Extra Content: Persistence
Last updated on 2024-12-06 | Edit this page
Overview
Questions
- How can we store and transfer structured data?
- How can we make it easier to substitute new components into our software?
Objectives
- Describe how the environment in which software is used may constrain its design.
- Identify common components of multi-layer software projects.
- Define serialisation and deserialisation.
- Store and retrieve structured data using an appropriate format.
- Define what is meant by a contract in the context of Object Oriented design.
- Explain the benefits of contracts and implement software components which fulfill them.
Follow up from Section 3
This episode could be read as a follow up from the end of Section 3 on software design and development.
Our patient data system so far can read in some data, process it, and display it to people. What’s missing?
Well, at the moment, if we wanted to add a new patient or perform a new observation, we would have to edit the input CSV file by hand. We might not want our staff to have to manage their patients by making changes to the data by hand, but rather provide the ability to do this through the software. That way we can perform any necessary validation (e.g. inflammation measurements must be a number) or transformation before the data gets accepted.
If we want to bring in this data, modify it somehow, and save it back to a file, all using our existing MVC architecture pattern, we will need to:
- Write some code to perform data import / export (persistence)
- Add some views we can use to modify the data
- Link it all together in the controller
Serialisation and Serialisers
The process of converting data from an object to and from storable formats is often called serialisation and deserialisation and is handled by a serialiser. Serialisation is the process of exporting our structured data to a usually text-based format for easy storage or transfer, while deserialisation is the opposite.

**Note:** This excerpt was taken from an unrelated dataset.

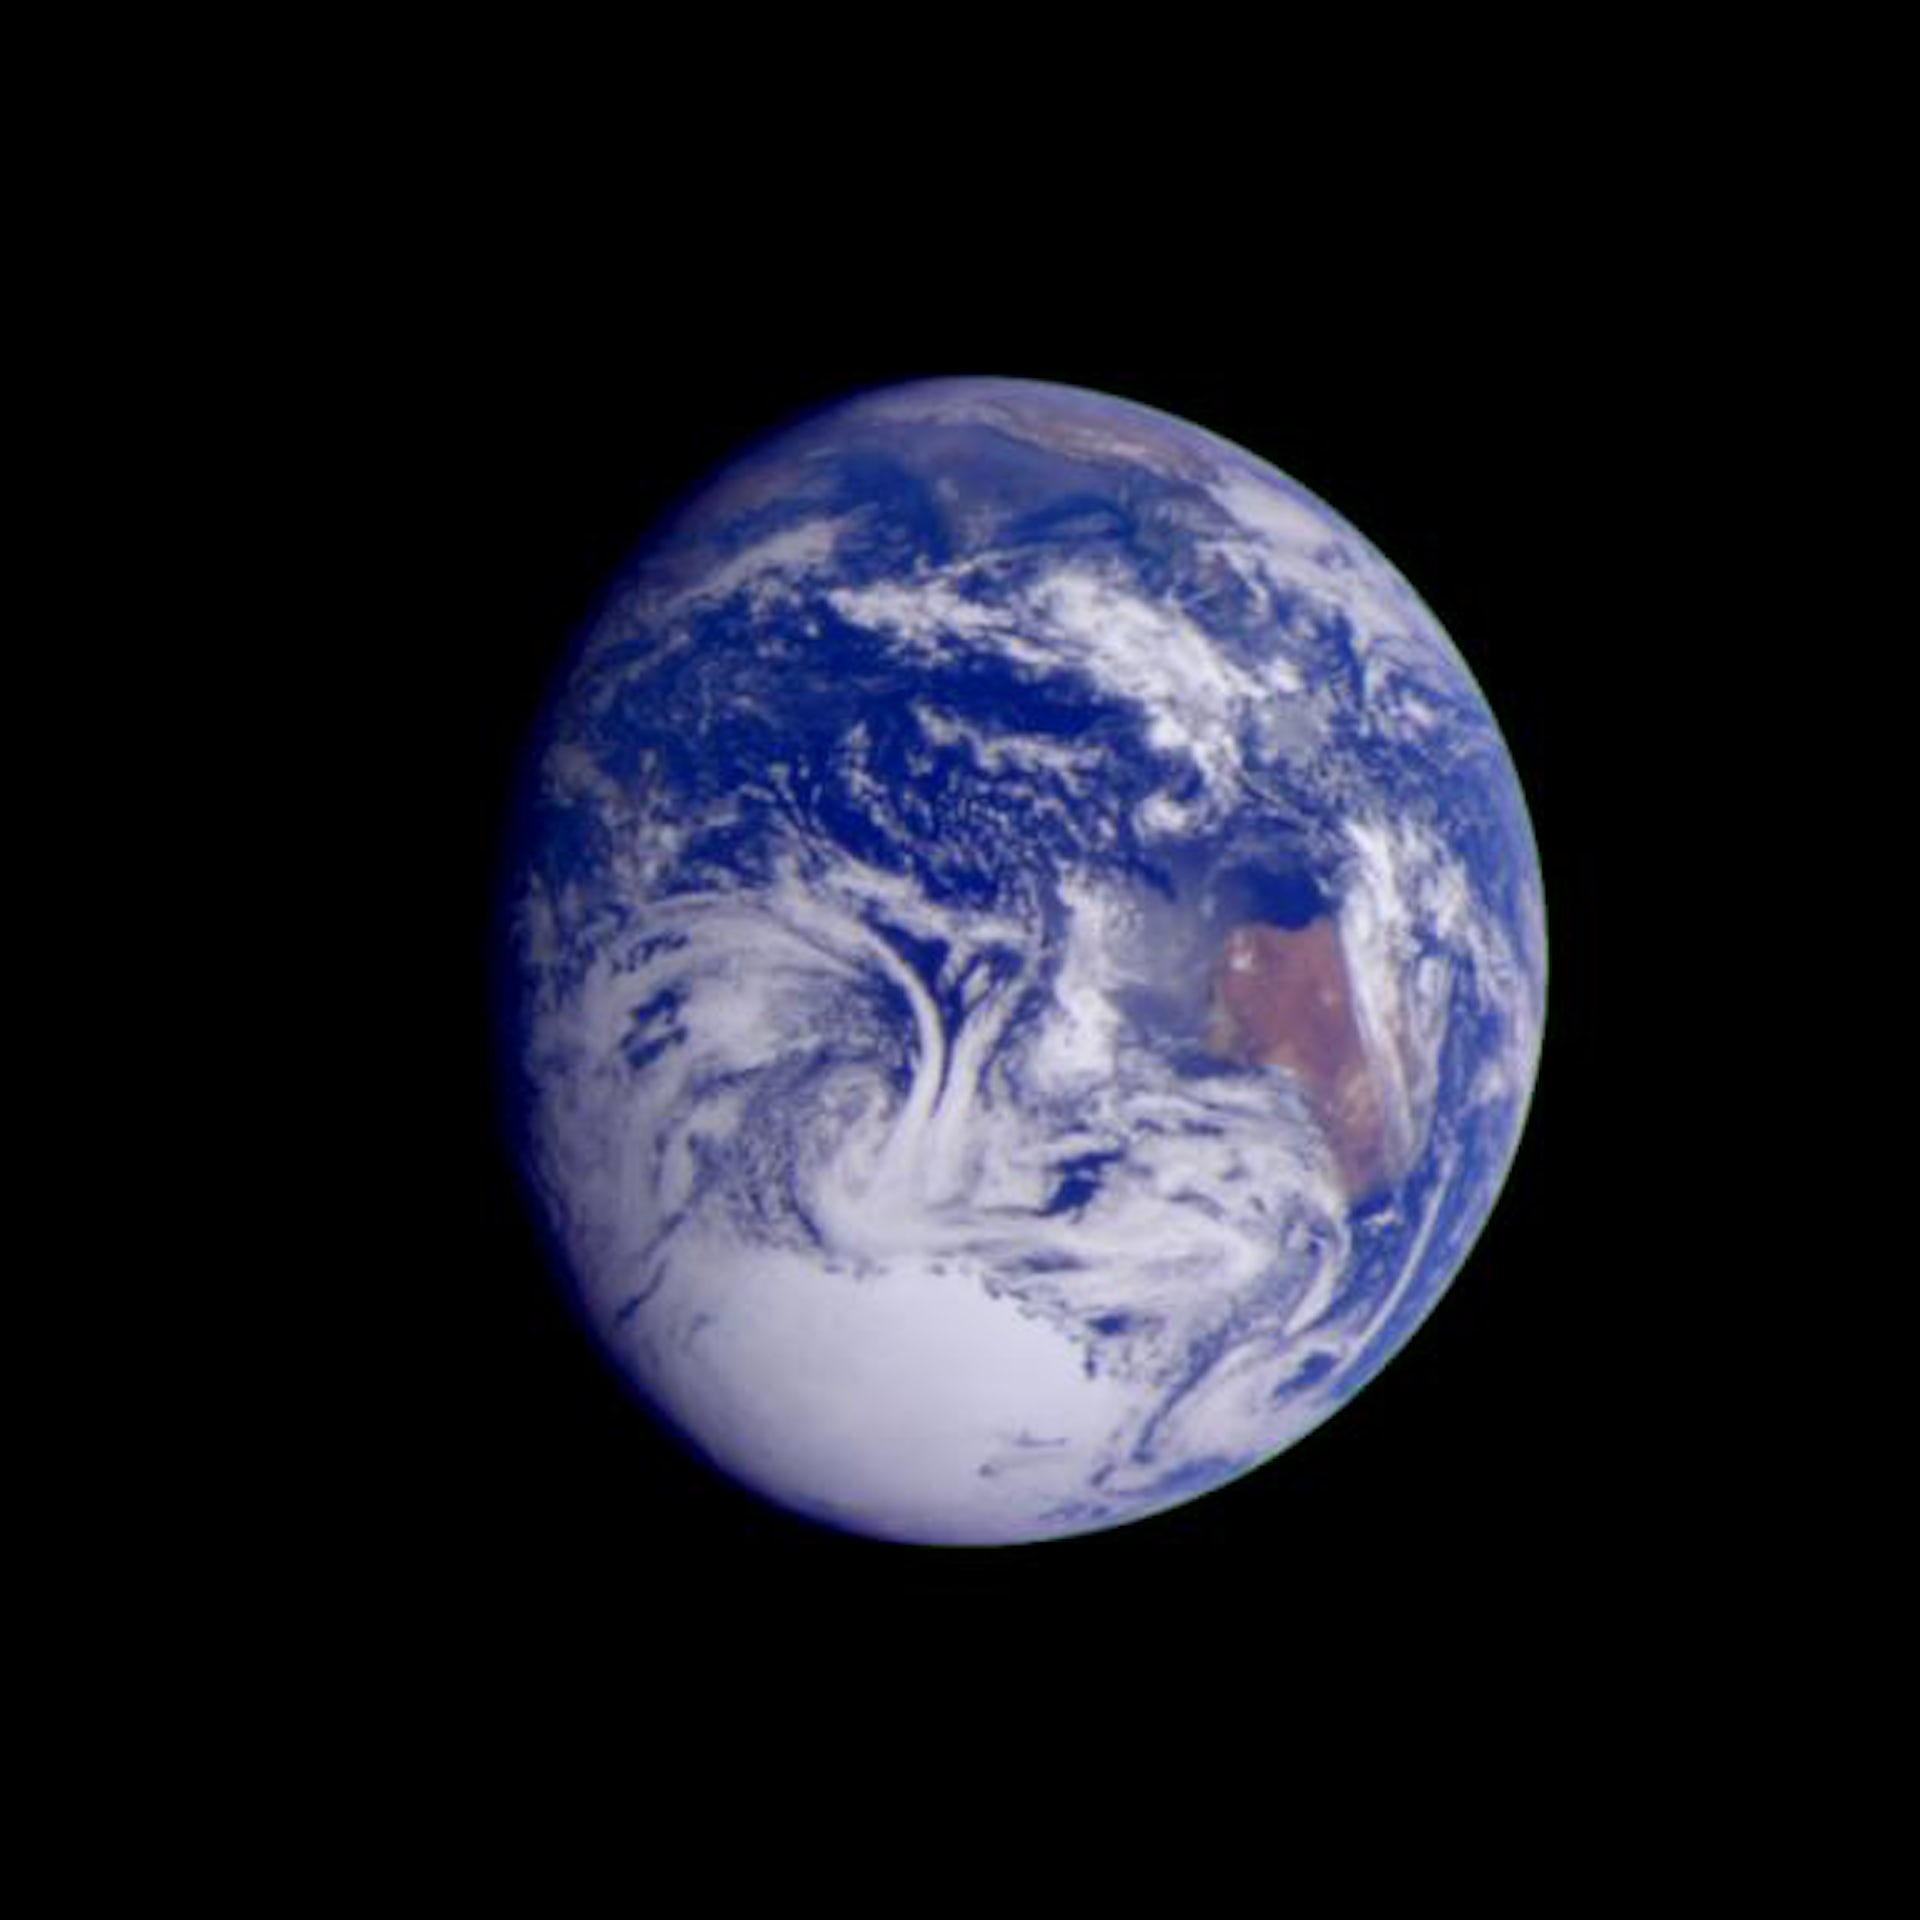 Imagen tomada por la nave espacial Galileo a una distancia de 2.4 millones de kilómetros.

We are going to be making a serialiser for our patient data, but since there are many different formats we might eventually want to use to store the data, we will also make sure it is possible to add alternative serialisers later and swap between them. So let us start by creating a base class to represent the concept of a serialiser for our patient data - then we can specialise this to make serialisers for different formats by inheriting from this base class.
By creating a base class we provide a contract that any kind of patient serialiser must satisfy. If we create some alternative serialisers for different data formats, we know that we will be able to use them all in exactly the same way. This technique is part of an approach called design by contract.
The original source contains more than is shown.